Scan the entries below for the word "Tシャツ", then copy each line that holds it.

THE INPUT
═══

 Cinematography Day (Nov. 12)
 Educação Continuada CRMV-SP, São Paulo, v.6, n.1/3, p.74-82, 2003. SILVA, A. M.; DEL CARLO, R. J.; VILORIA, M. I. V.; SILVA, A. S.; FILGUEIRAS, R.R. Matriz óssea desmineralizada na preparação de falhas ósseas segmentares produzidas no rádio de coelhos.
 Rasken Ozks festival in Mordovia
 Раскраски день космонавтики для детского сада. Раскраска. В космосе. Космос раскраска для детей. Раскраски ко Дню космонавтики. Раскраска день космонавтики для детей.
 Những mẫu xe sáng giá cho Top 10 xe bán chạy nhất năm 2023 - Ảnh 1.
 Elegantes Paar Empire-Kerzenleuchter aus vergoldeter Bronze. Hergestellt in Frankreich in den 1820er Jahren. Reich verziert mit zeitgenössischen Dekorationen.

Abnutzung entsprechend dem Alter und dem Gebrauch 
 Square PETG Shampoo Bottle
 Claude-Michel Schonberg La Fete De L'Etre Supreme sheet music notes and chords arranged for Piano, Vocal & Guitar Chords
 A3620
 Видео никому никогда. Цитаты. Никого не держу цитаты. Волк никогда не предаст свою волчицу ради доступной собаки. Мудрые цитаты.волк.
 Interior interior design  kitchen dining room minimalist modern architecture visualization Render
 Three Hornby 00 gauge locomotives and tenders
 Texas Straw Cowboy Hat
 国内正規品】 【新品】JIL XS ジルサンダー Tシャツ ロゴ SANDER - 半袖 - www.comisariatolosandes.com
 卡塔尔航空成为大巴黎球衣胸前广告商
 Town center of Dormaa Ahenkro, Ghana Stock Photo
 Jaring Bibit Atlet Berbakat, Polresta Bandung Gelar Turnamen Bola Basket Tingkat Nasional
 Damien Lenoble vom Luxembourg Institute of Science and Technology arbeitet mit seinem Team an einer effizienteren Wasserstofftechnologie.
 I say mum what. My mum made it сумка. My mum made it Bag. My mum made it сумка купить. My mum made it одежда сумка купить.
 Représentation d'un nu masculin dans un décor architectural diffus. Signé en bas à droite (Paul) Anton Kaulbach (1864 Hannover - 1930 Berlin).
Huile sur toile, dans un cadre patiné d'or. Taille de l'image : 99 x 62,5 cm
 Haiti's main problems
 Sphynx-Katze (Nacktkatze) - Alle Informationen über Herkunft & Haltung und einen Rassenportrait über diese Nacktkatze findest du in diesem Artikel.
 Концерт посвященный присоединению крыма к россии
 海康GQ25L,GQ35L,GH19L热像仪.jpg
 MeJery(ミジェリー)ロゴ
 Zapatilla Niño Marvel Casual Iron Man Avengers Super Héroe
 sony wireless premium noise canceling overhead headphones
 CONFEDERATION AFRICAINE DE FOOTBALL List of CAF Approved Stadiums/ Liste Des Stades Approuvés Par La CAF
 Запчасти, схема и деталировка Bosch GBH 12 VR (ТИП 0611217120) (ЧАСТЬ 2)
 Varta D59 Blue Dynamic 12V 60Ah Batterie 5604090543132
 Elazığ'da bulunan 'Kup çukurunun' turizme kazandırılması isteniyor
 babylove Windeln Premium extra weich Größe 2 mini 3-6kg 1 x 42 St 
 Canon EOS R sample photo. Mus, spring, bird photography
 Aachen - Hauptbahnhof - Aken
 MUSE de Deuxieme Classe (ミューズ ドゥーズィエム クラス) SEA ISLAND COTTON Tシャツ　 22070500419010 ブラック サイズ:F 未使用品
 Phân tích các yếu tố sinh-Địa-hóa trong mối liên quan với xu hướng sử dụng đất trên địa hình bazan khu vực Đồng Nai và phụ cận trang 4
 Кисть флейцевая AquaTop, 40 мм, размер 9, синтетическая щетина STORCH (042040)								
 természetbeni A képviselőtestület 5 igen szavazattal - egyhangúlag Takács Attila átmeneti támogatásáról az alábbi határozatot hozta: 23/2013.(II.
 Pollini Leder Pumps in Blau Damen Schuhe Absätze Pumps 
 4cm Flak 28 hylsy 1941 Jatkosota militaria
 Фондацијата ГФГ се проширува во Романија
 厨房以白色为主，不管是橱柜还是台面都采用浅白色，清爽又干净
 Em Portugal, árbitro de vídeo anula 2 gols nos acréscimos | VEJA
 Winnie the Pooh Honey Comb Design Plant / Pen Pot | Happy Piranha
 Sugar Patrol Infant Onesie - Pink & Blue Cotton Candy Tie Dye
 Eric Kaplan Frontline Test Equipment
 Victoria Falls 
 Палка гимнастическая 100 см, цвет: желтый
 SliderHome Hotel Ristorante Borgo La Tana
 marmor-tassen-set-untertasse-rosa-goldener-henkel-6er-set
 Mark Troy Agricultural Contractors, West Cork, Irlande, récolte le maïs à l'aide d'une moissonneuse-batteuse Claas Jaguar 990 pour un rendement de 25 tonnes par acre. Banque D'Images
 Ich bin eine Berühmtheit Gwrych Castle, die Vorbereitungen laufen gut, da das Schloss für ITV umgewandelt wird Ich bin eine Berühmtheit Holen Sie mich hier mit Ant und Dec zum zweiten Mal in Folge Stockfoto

═══

RESPONSE
 国内正規品】 【新品】JIL XS ジルサンダー Tシャツ ロゴ SANDER - 半袖 - www.comisariatolosandes.com
 MUSE de Deuxieme Classe (ミューズ ドゥーズィエム クラス) SEA ISLAND COTTON Tシャツ　 22070500419010 ブラック サイズ:F 未使用品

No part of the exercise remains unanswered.